When Oisin Hanrahan spoke about what business he would start next after selling Handy to Angie’s List for a nine-figure sum, he had a couple of ideas. One, he said, was a lifestyle business. Not interested. The other caught his interest for a while, but in terms of potential, it topped out at about $50-100 million in revenue per year. Again, this was small potatoes. Not interested. 

There was an audible intake of breath in the room, the sound of fifty people realising that they needed to start thinking a lot bigger. You could feel the needle move. 

Investors in New York City are surprisingly easy to reach, and happy to chat with you. There is much more competition to get into hot deals than in Europe.

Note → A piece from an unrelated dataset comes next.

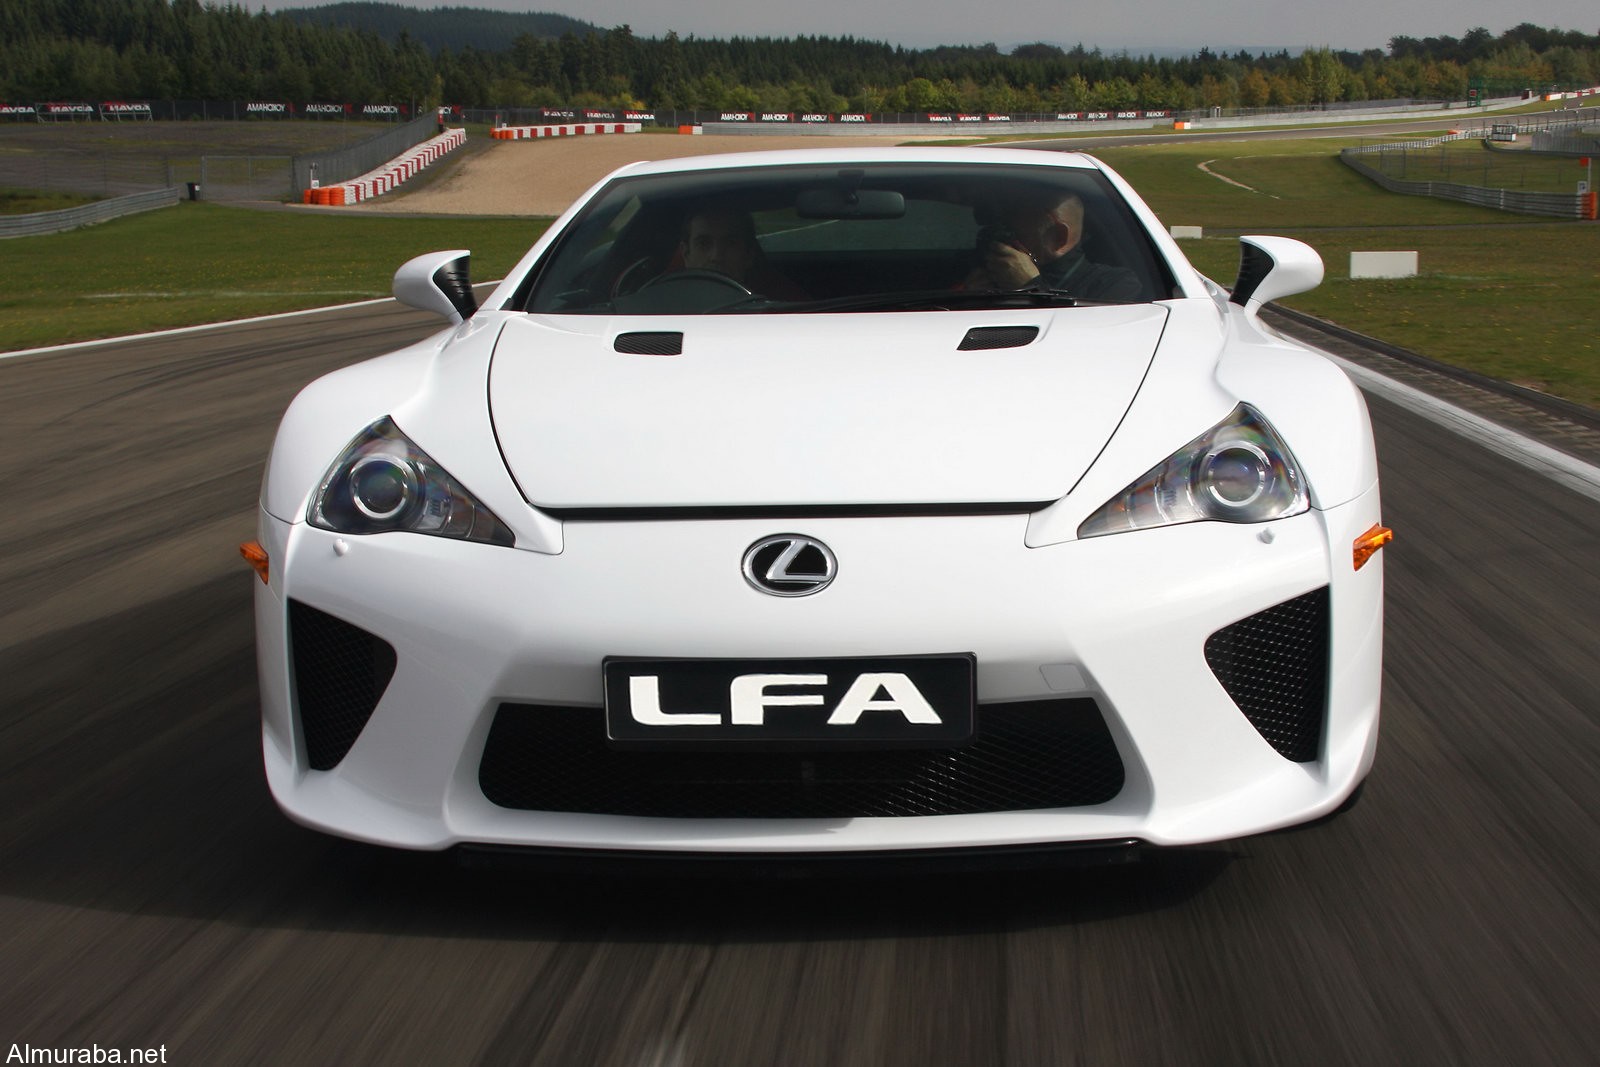 "لكزس" لا تنتوي تصنيع طراز جديد من سيارتها لكزس LFA الرياضية الخارقة Lexus 1

If your approach to generating deal flow resembles a grizzly bear waiting at the waterfall for a salmon to jump into your mouth, you’ll starve. You need to move faster. 


This was the message we fed to the cohort before travelling, and it resonated. One of the startups in our group contacted an investor upon landing at JFK at the weekend, met them on Tuesday morning, and had a €200k term sheet in the inbox by lunchtime. Another founder met someone from a publicly listed tech company at an evening networking event, followed up with a meeting to explore collaboration opportunities two days later, and had signed them as a design partner by the following morning. 


These stories were nice examples to use with our wider group, a nudge of motivation to build new bridges. But they are also proof of what happens when you expose yourself to a new, potentially uncomfortable environment, welcoming the possibility that it will help you grow. Bigger cities are hothouses for ambition. The lessons grew like weeds over the week-long visit: don’t be shy - closed mouths don’t get fed. Embrace our national habit of finding (and forging) connections, however slight. It’s a superpower in other countries. And of course, energy beats everything. 

Seeing our group on the last day of the visit, you could feel something different from the giddy energy that we landed with a week before. The US market is the ultimate goal for European startups - the healthiest venture market in the world, limitless growth potential, four times more startup unicorns than any other country. If you get on a plane, you might just learn what it takes to crack it.